La transformación de una sociedad, a veces, genera rupturas drásticas, abismos, que convierten al supuesto «lo que empieza proviene de una transformación de lo anterior» en algo no muy claro ni coherente. ¿Una revolución contiene lo anterior o lo deja afuera? Es una consecuencia, sí, pero el reto es que se libere de lo anterior; o eso se intenta. No nos basta una transformación, queremos perder aspectos, costumbres, valores. Los queremos perder, y por eso se lucha.
Nada perdemos de nosotros por el camino; podríamos tomarlo, sí, como una realidad. ¿Podríamos tomarlo como una verdad?
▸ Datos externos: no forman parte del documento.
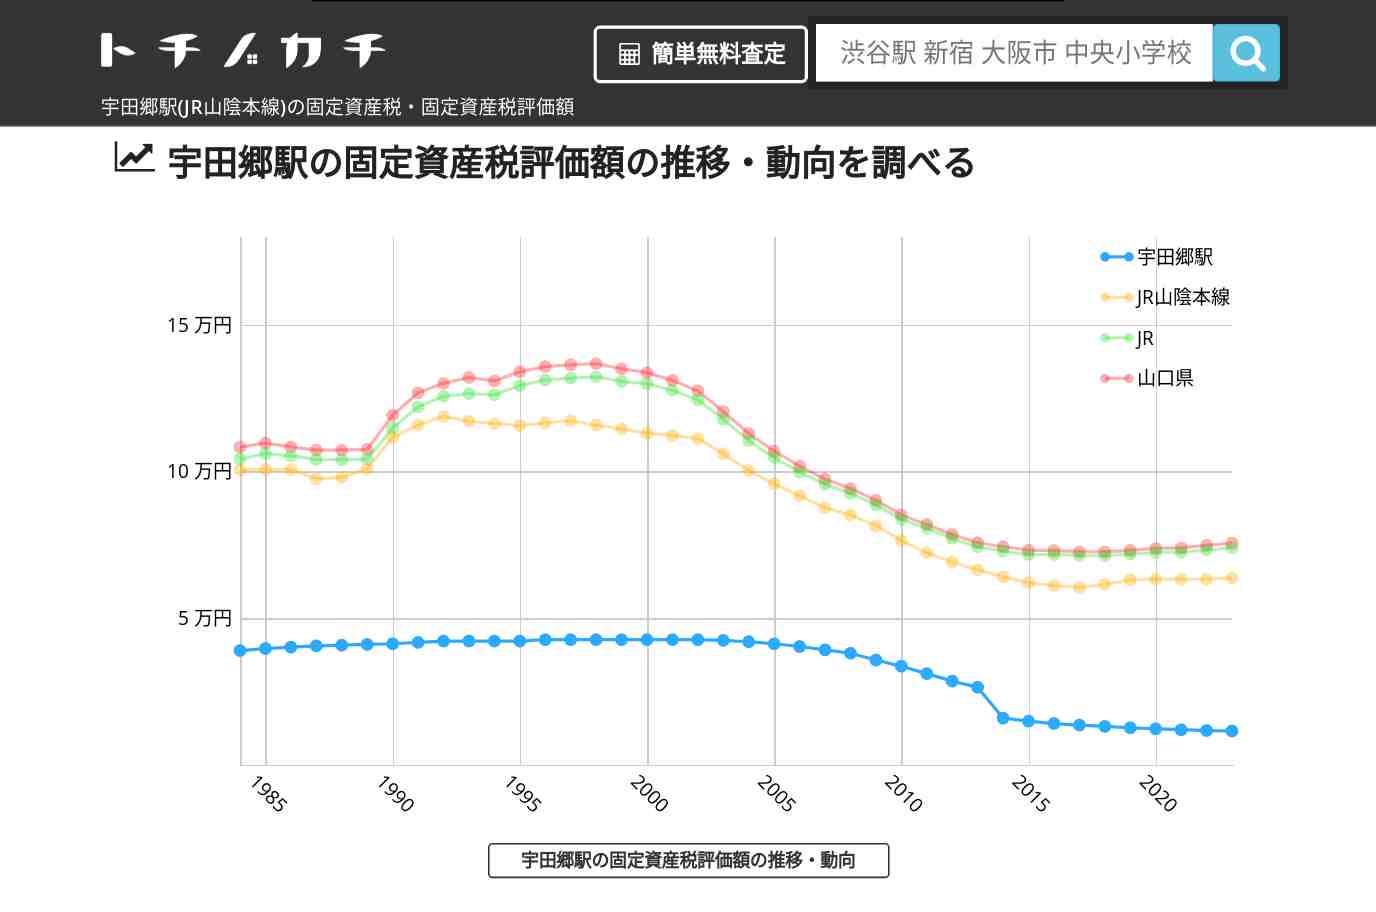 宇田郷駅(JR山陰本線)の固定資産税・固定資産税評価額 | トチノカチ

He dejado tirados cual jirones inútiles o en ramos de petunias pasionarias muchos trozos de mí y de mi historia. «Nunca me pierdo, todo me transforma», y es esta transformación con su ADN imaginario lo que nos lleva a un sitio nuevo, lo que nos pone de otro modo frente al mundo. Este sitio ¿es la transformación de todo lo anterior o es algo nuevo?
No encuentro en el asfalto la mirada del pez que me acompaña siempre en lo turquesa; no encuentro en las esquinas los ojos que reciben. Realmente no lo encuentro y opto por la ofrenda. Me ofrezco, y no sé si soy otra o soy la transformación de mí en la que nada se perdió. Lo bello de la vida, su profundo misterio, es la plasticidad que cada una es capaz de aportar a sí misma y a su entorno.
Son plásticos los versos, como plástica y transformadora, en potencia, es siempre la palabra. Sin embargo, no siempre se crea algo nuevo que ofrecer, o al menos, que nos funcione de espejo desde dónde avanzar.
Percibo un interés un tanto reprimido en cada otro que se acerca. Es un arte aprender a acercarse a los otros, con la cabeza abierta y el corazón hinchado, dispuesta toda una a no juzgar aquello que recibe.
Llevo toda la vida intentando escribir, a pie, este camino. Tal vez sea por eso mi historia tan errante. Sólo pido a los dioses, a aquellos que no existen y a los que sí también, un ápice de amor que nos abra, por fin, a todas las personas nuestro centro solar. Sería un día nuevo, realmente transformado, y haríamos, por fin, algo diferente.